Interactions of corrosion control and biofilm on lead and copper in premise plumbing

Abstract

Premise plumbing can contain copper and lead bearing fixtures, and although copper is considered primarily an aesthetic issue, the neurotoxic effects of lead present a significant public health concern. Utilities approach corrosion control in low alkalinity water by increasing the pH (>9) or adding a phosphate inhibitor at neutral pH. Phosphate inhibitors, pH and chlorine are known to affect lead and copper release through their direct action as corrosion inhibitors or oxidizing agents or through an indirect action via microbial growth. Biofilms are often an implied cause of premise plumbing corrosion, although little is known about their community structure or ability to store metals. The central hypothesis of this thesis is that biofilm contributes to lead and copper release in premise plumbing.

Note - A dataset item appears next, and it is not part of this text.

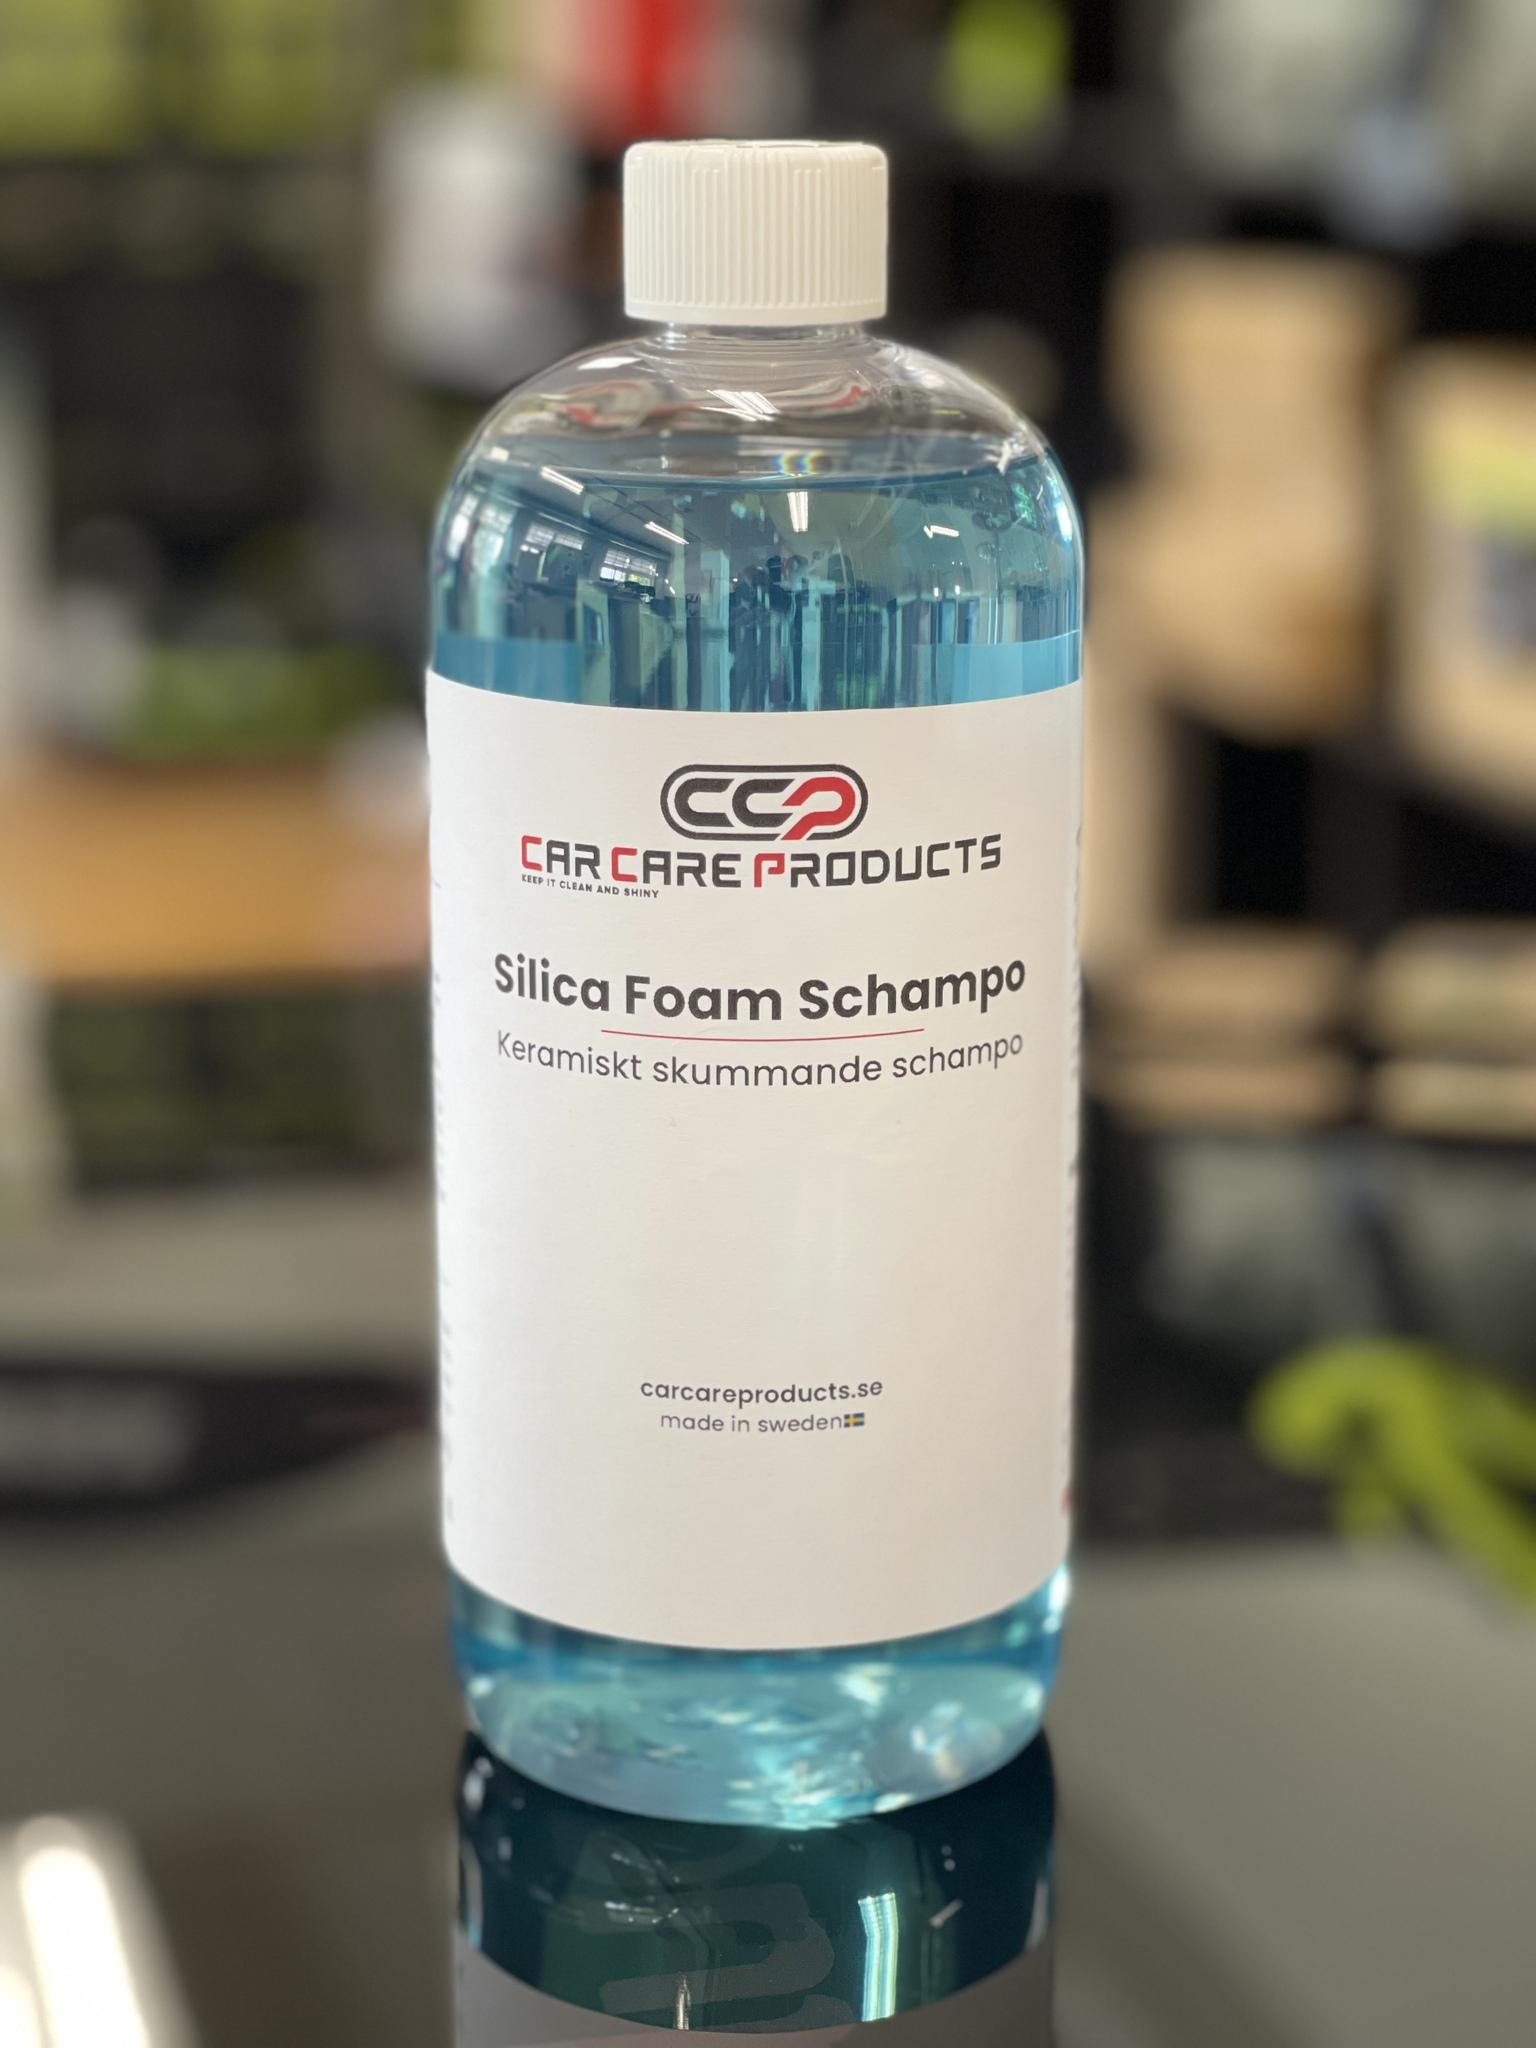 Silica Foam Schampo

This thesis addresses a unique gap in corrosion literature by integrating traditional corrosion chemistry methods with microbiological and molecular biology techniques. The experiments used three distinct approaches: (i). electrochemical cell experiments to determine the key factors in decreasing lead and copper corrosion in galvanically coupled systems while maintaining microbial control (ii). galvanic macrocells using premise plumbing components to examine the unintended consequences of adding a phosphate based corrosion inhibitor and (iii). an annular reactor study to examine the impacts of two commonly applied corrosion control strategies. In the electrochemical cell experiments, the pH 9.2 with zinc orthophosphate and chlorine treatment achieved both goals: decreased lead and copper release and limited microbial growth. In galvanic macrocells experiments with premise plumbing components, zinc orthophosphate addition was shown to be positively correlated with increased bulk water bacteria, biofilm growth and biofilm community structure as measured by DGGE. Biofilm was also observed to sorb 3-29% of lead and 3-16% of copper from the bulk water. The comparison of the two corrosion control strategies showed that the majority of lead released was in the particulate form, and the results further alluded to the potentially significant role lead particles play in biofilm formation.